Thomas Stossel, the American Cancer Society Professor of Medicine at Harvard Medical School, is spearheading a new nonprofit professional organization that is, according to Stossel’s preliminary description, “to be a forum for what we believe is a hitherto silent majority of individuals engaged in clinical service, medical education and medical innovation ready to oppose a small but well organized and well-funded coterie responsible for an anti-industry movement.”

Thomas Stossel

The Association of Clinical Researchers and Educators (ACRE), slated to hold its charter conference this month, will be led by a steering committee consisting of physicians from Harvard Medical School, the State University of New York Downstate and the Mayo Clinic. Thomas Sullivan, president of Rockpointe, a medical communications company that organizes educational symposia, often with pharmaceutical sponsorship, for doctors is helping Stossel with the group's formative steps; ACRE will be logistically managed by Diann Rohde and Associates -- Rohde being a former vice president at the National Multiple Sclerosis Society. So far, funding for ACRE has been covered completely out of pocket, though Stossel said he welcomes industry participation and support. The tentative schedule for July’s meeting includes more than two dozen speakers – doctors, industry representatives, health and patient association officials -- and topics range from policy explanation to the value of collaboration between medicine and industry (for which, of course, Stossel makes no apologies).

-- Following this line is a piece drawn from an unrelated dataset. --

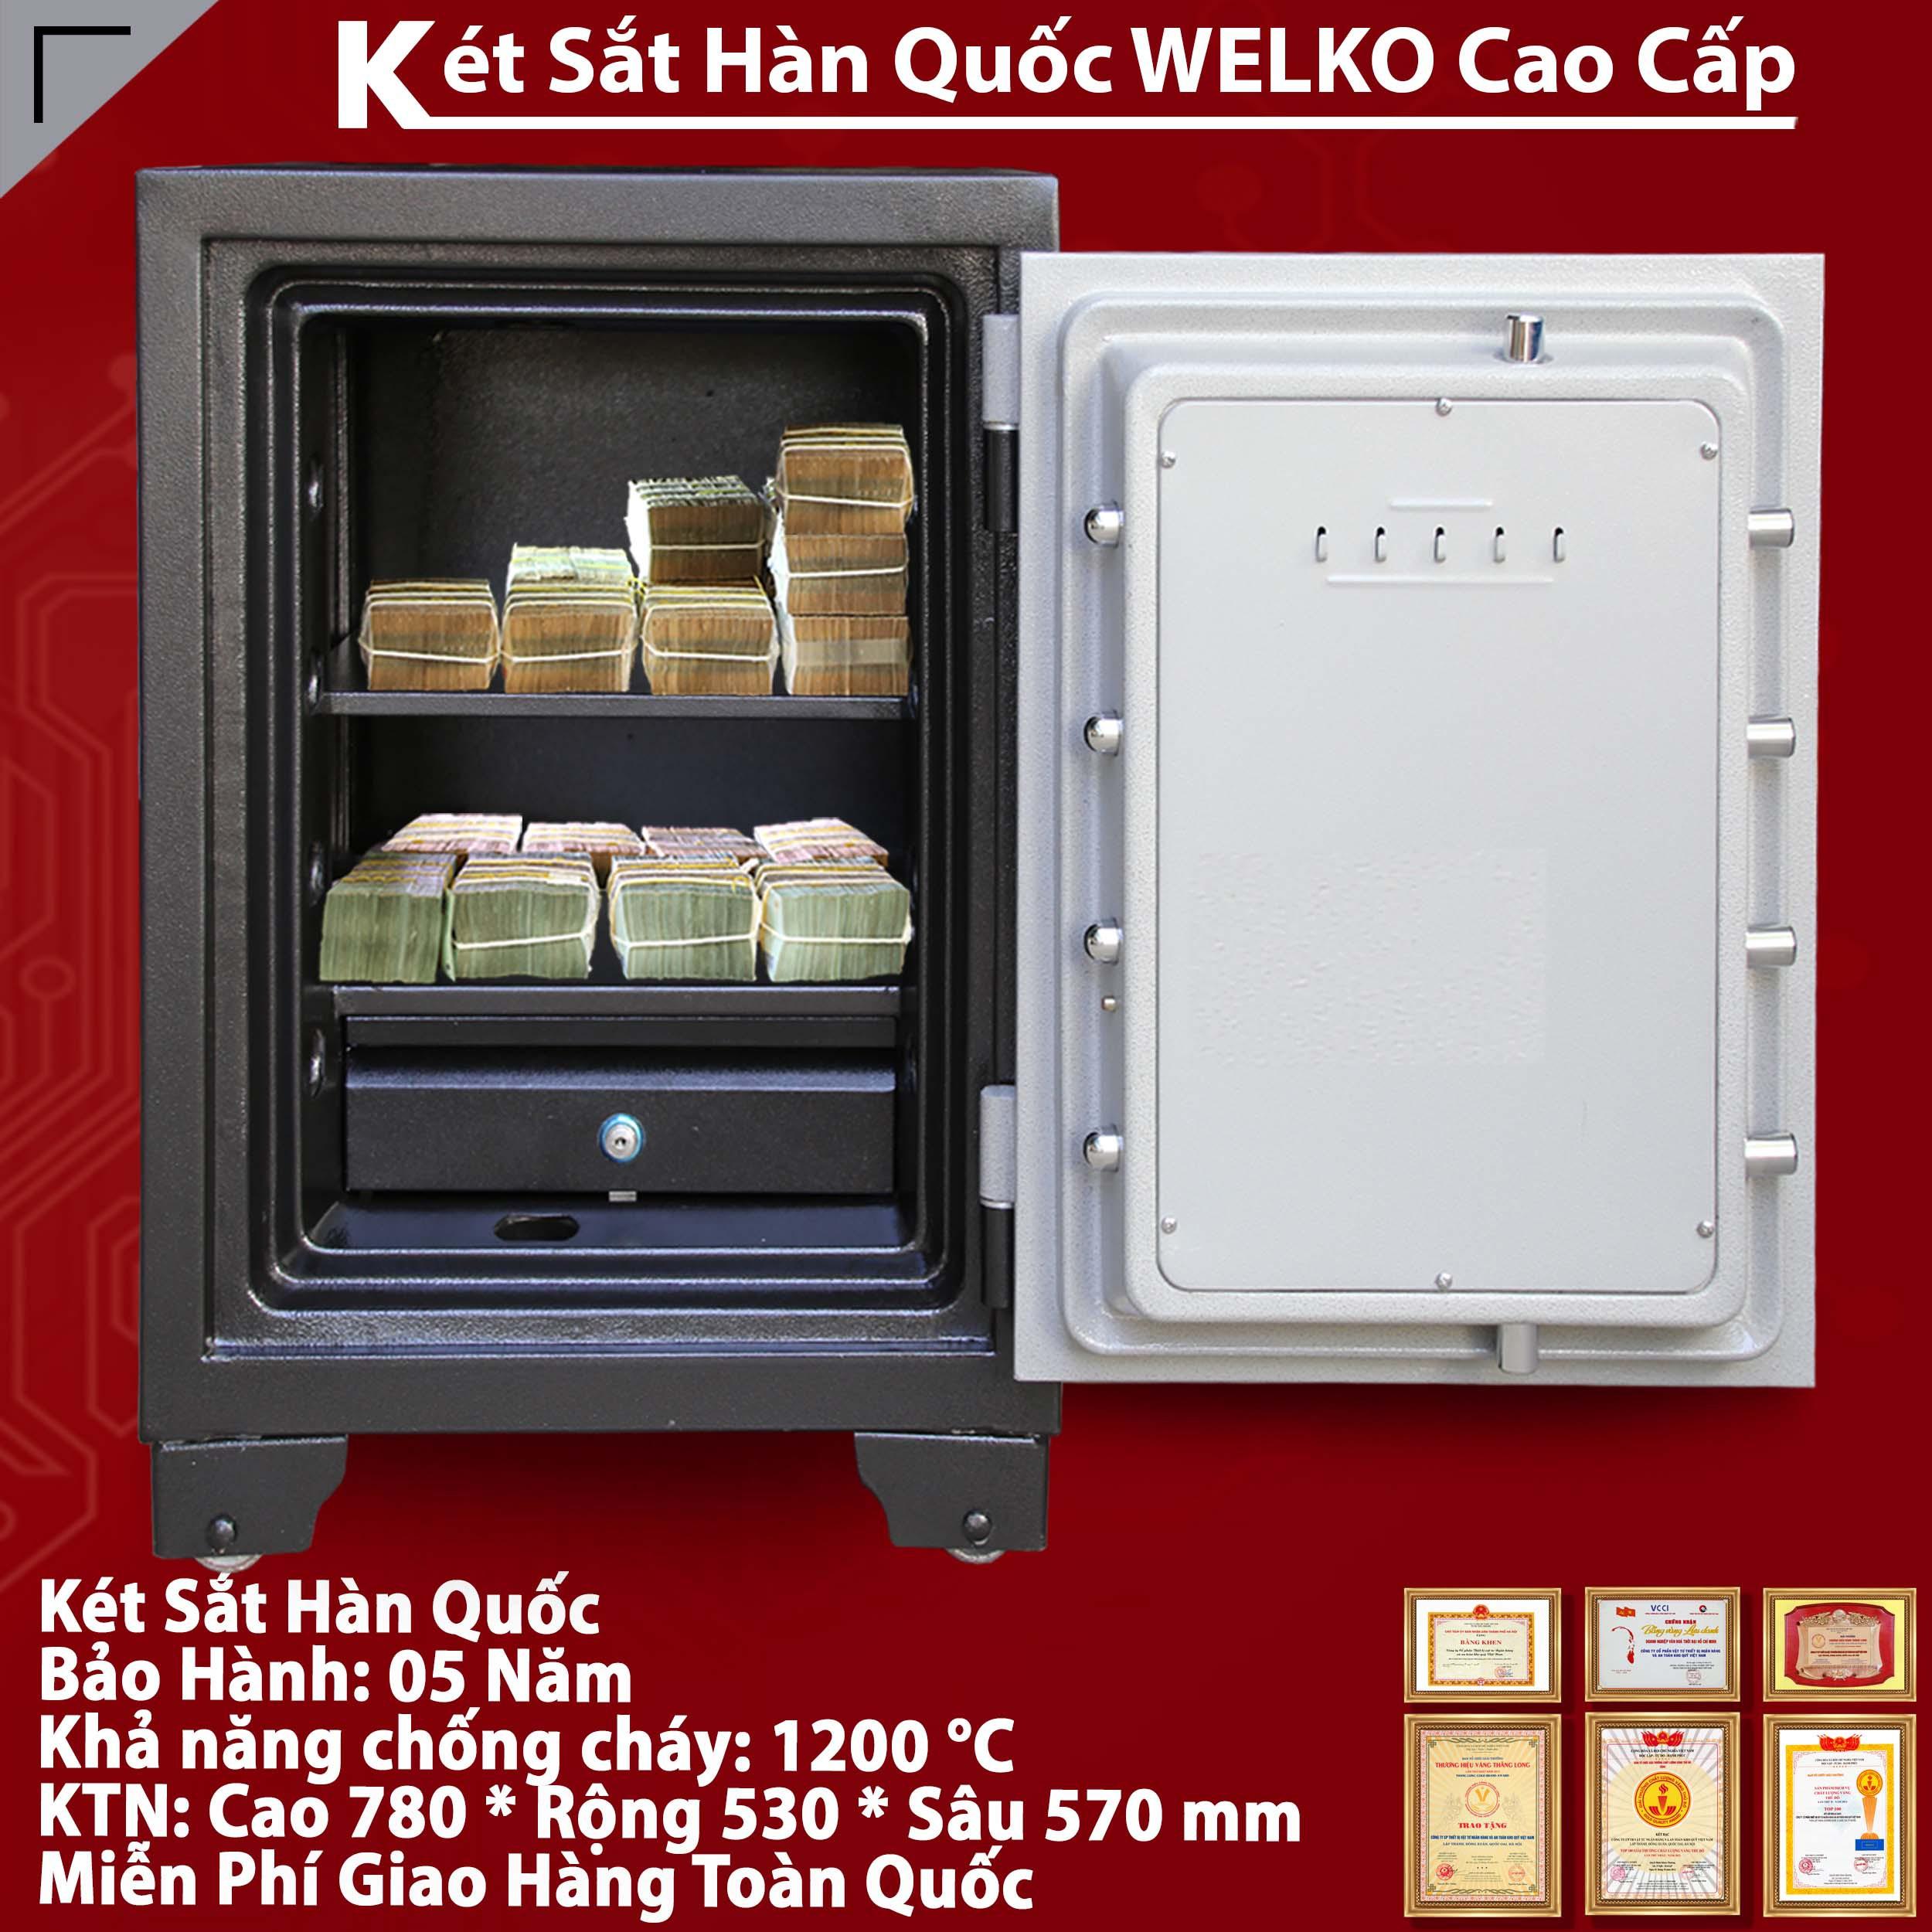 Két Sắt Văn Phòng S780 - KC

According to Stossel, the perceived risks of physician-industry relationships are too often demonized instead of assessed for value. “The damages are imaginary or speculative,” he said, adding that in the “crescendo” of anti-business sentiment in science and medicine, “no one wants to sign up to be abused by The New York Times or Senator Grassley.”

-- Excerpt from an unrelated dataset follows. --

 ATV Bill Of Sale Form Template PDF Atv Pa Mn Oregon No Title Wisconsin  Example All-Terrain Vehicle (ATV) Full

Sen. Charles Grassley of Iowa has certainly been at the forefront of the crusade against conflicts of interest in medicine -- making public revelations of wrongdoing and proposing stricter regulation through legislation -- and some of those high-profile conflict of interest cases have indeed inspired tighter scrutiny.

Harvard Medical School, for example, is reviewing its conflict of interest policies after Grassley last year uncovered that psychiatrist Joseph Biederman of Harvard-affiliated Massachusetts General Hospital received $1.6 million from companies that produced the drugs he used to treat children for bipolar disorders. Part of the push for review of conflict of interest policy came from Harvard Medical students who lobbied for faculty to be subject to a full disclosure policy. Also last year, the National Institutes for Health froze funding for an Emory University depression study because of a conflict of interest involving Charles Nemeroff, chairman of the psychiatry department and the study’s principal investigator. Nemeroff collected, but mostly did not disclose, about $2 million from pharmaceutical companies that, in some cases, produced the products he was using in his research.

According to Avi Markowitz, cancer research chair and professor at the University of Texas Medical Branch’s Comprehensive Cancer Center, and also the associate clinical director of oncology clinical trials there, those high-profile cases are not indicative of a widespread ethical problem in medicine or medicine-related industry.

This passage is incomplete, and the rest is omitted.